Would you restate the full listing word for word and omit its pictures?

** Opening DATA SECTION block **

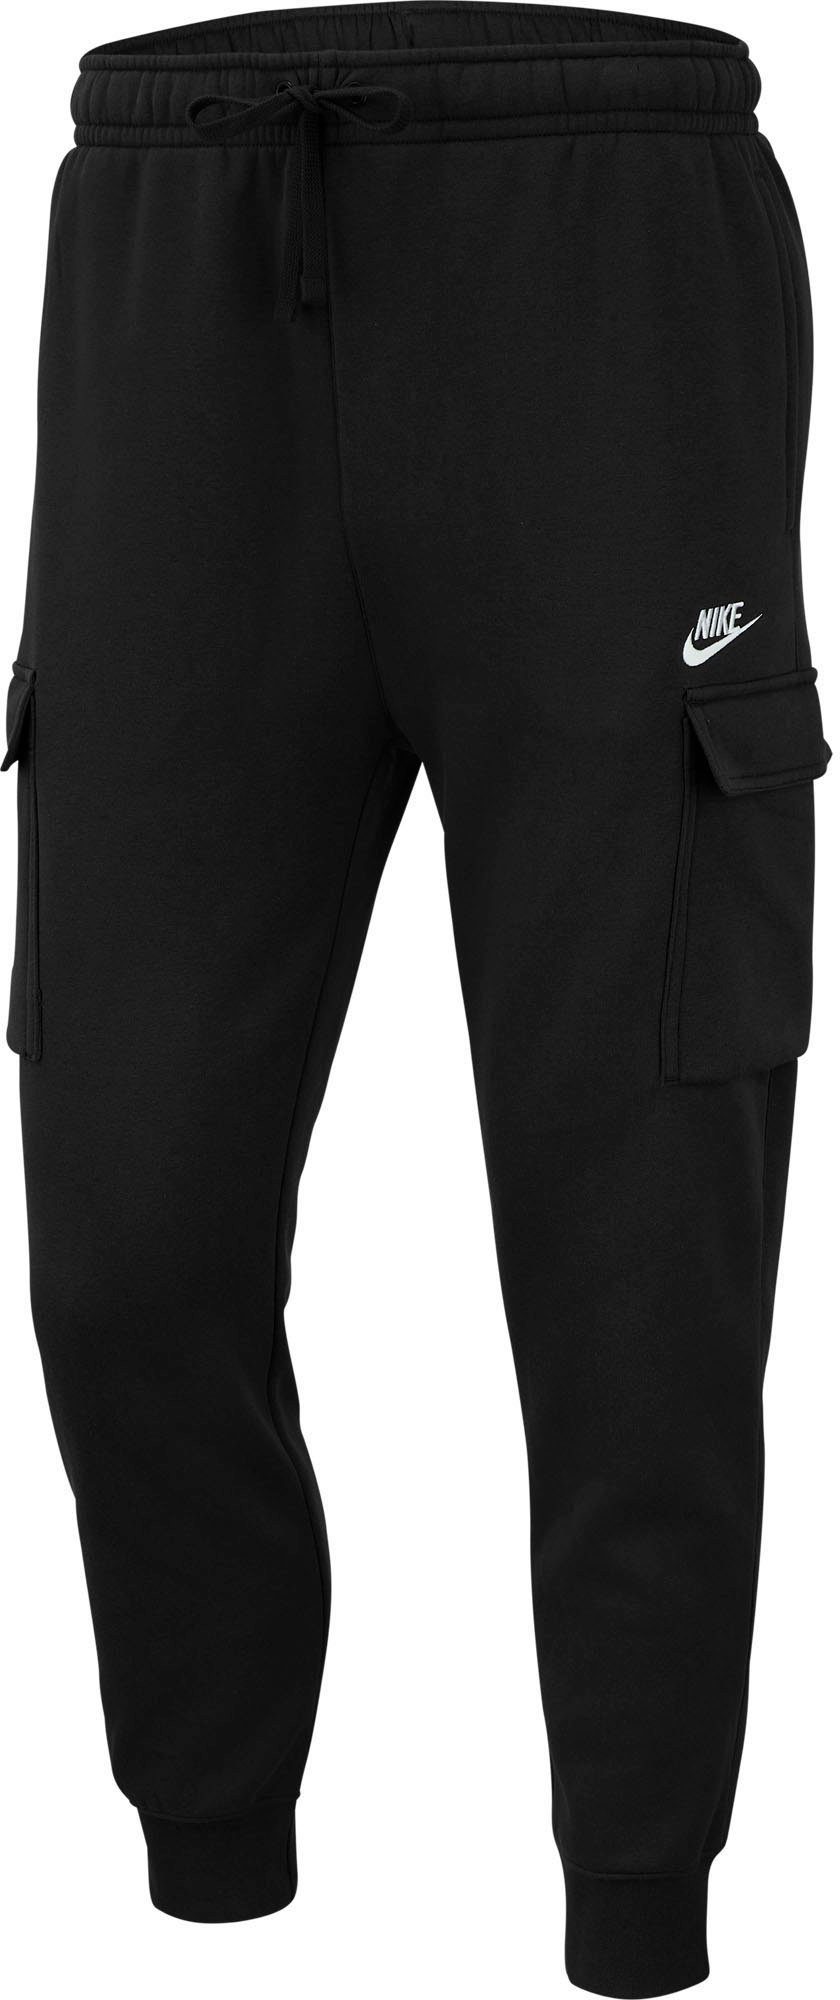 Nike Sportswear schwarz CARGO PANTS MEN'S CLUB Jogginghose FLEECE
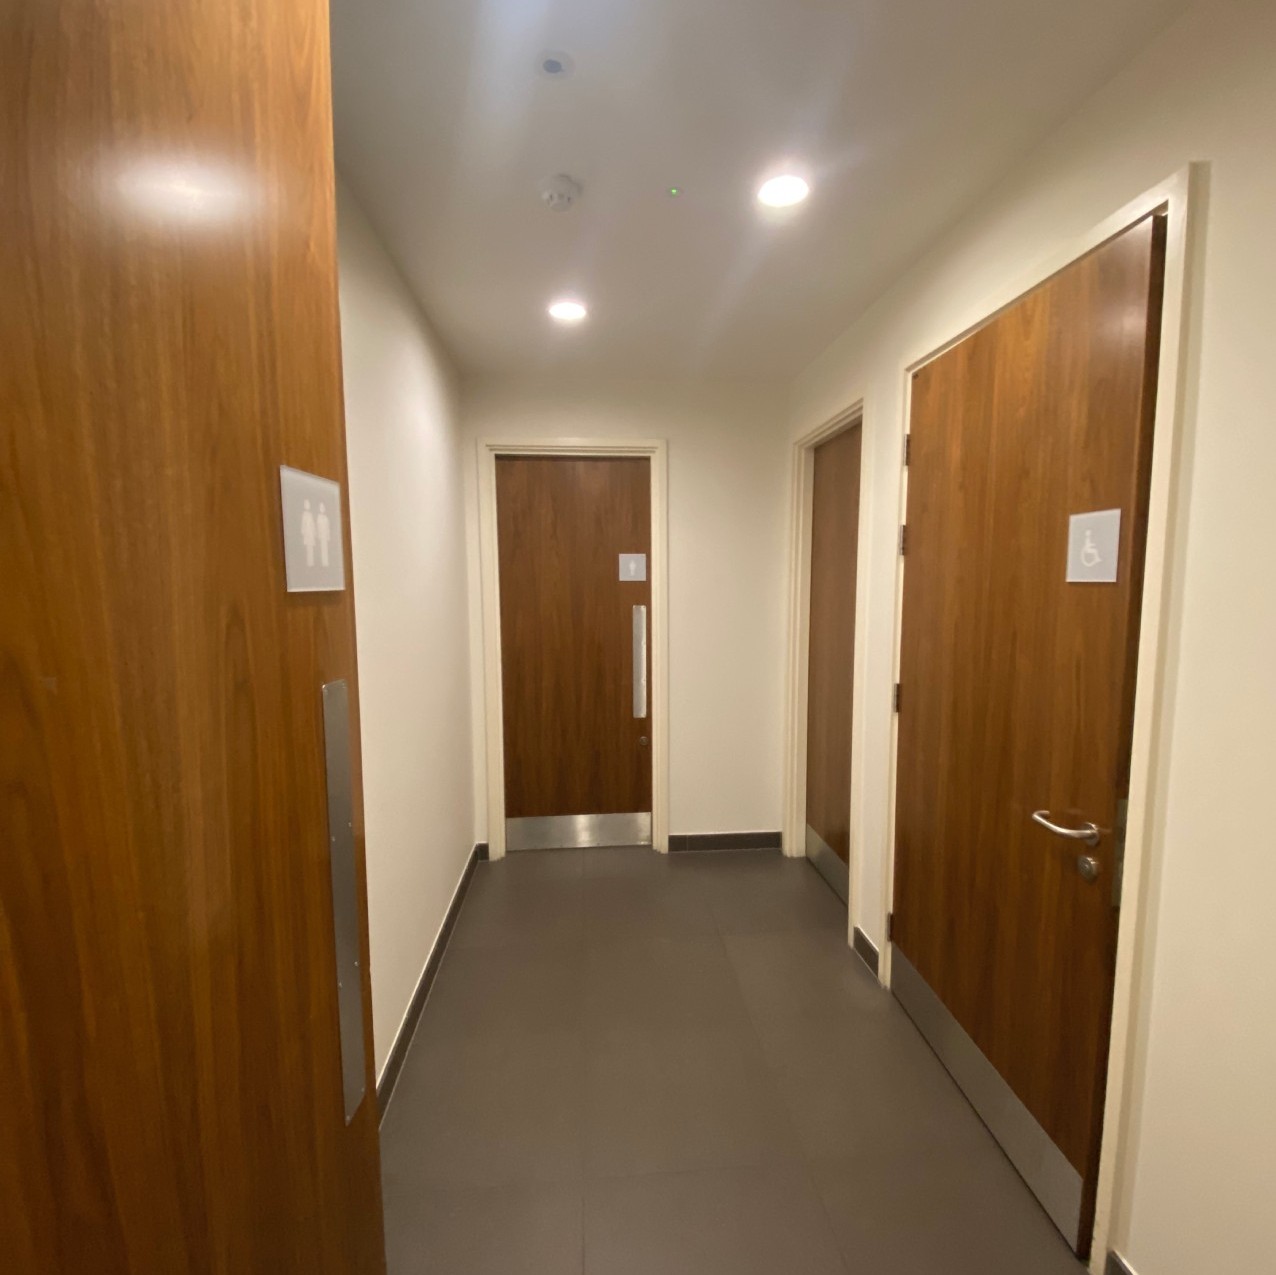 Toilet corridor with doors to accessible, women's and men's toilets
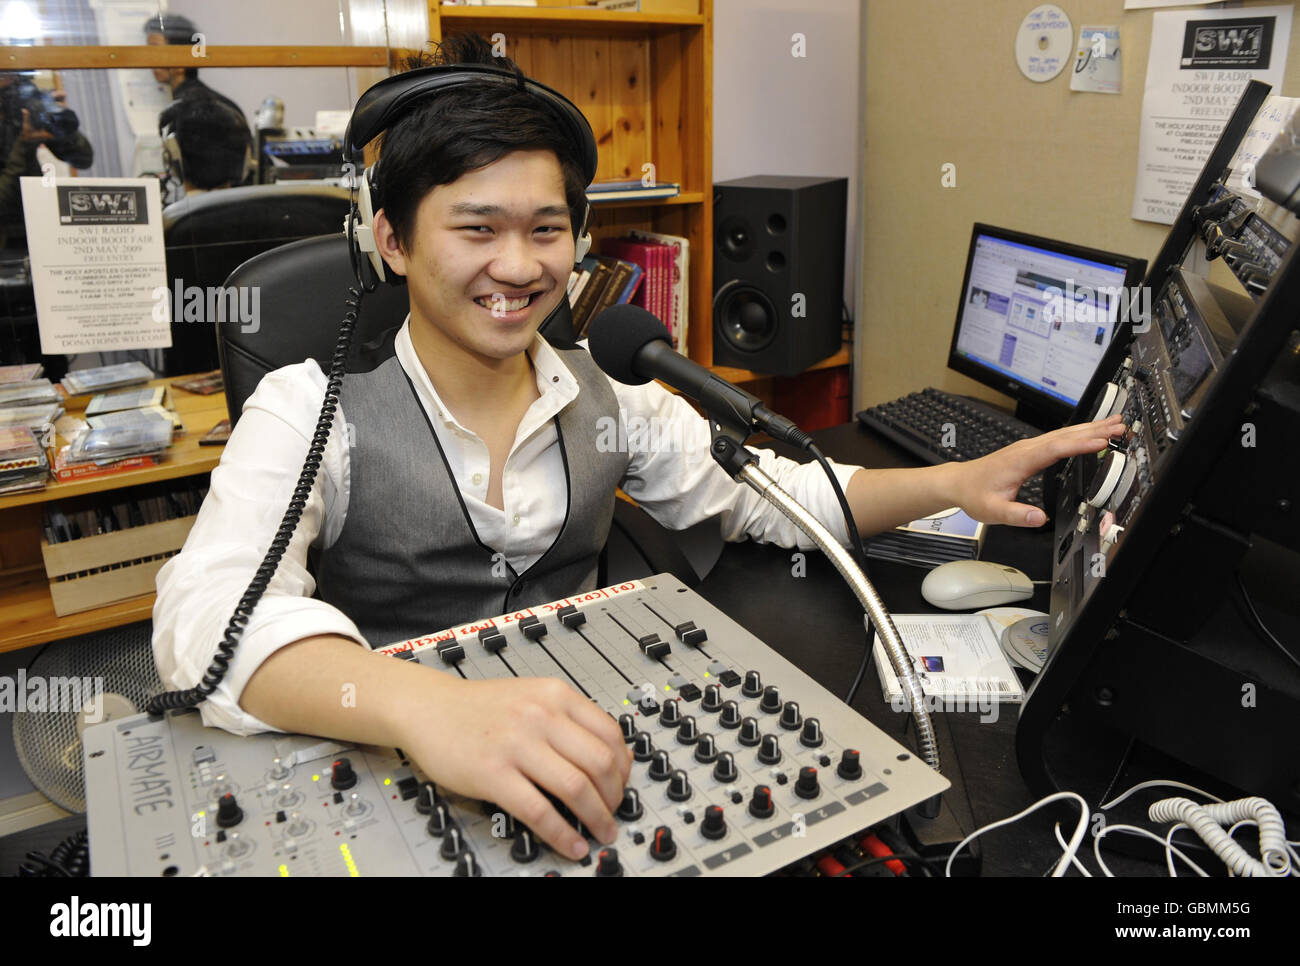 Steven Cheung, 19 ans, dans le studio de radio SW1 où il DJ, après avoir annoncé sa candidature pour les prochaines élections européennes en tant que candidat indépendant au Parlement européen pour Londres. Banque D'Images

** Closing DATA SECTION block **

**EXERCISE OUTPUT**
 Nike Sportswear schwarz CARGO PANTS MEN'S CLUB Jogginghose FLEECE
 Toilet corridor with doors to accessible, women's and men's toilets
 Steven Cheung, 19 ans, dans le studio de radio SW1 où il DJ, après avoir annoncé sa candidature pour les prochaines élections européennes en tant que candidat indépendant au Parlement européen pour Londres. Banque D'Images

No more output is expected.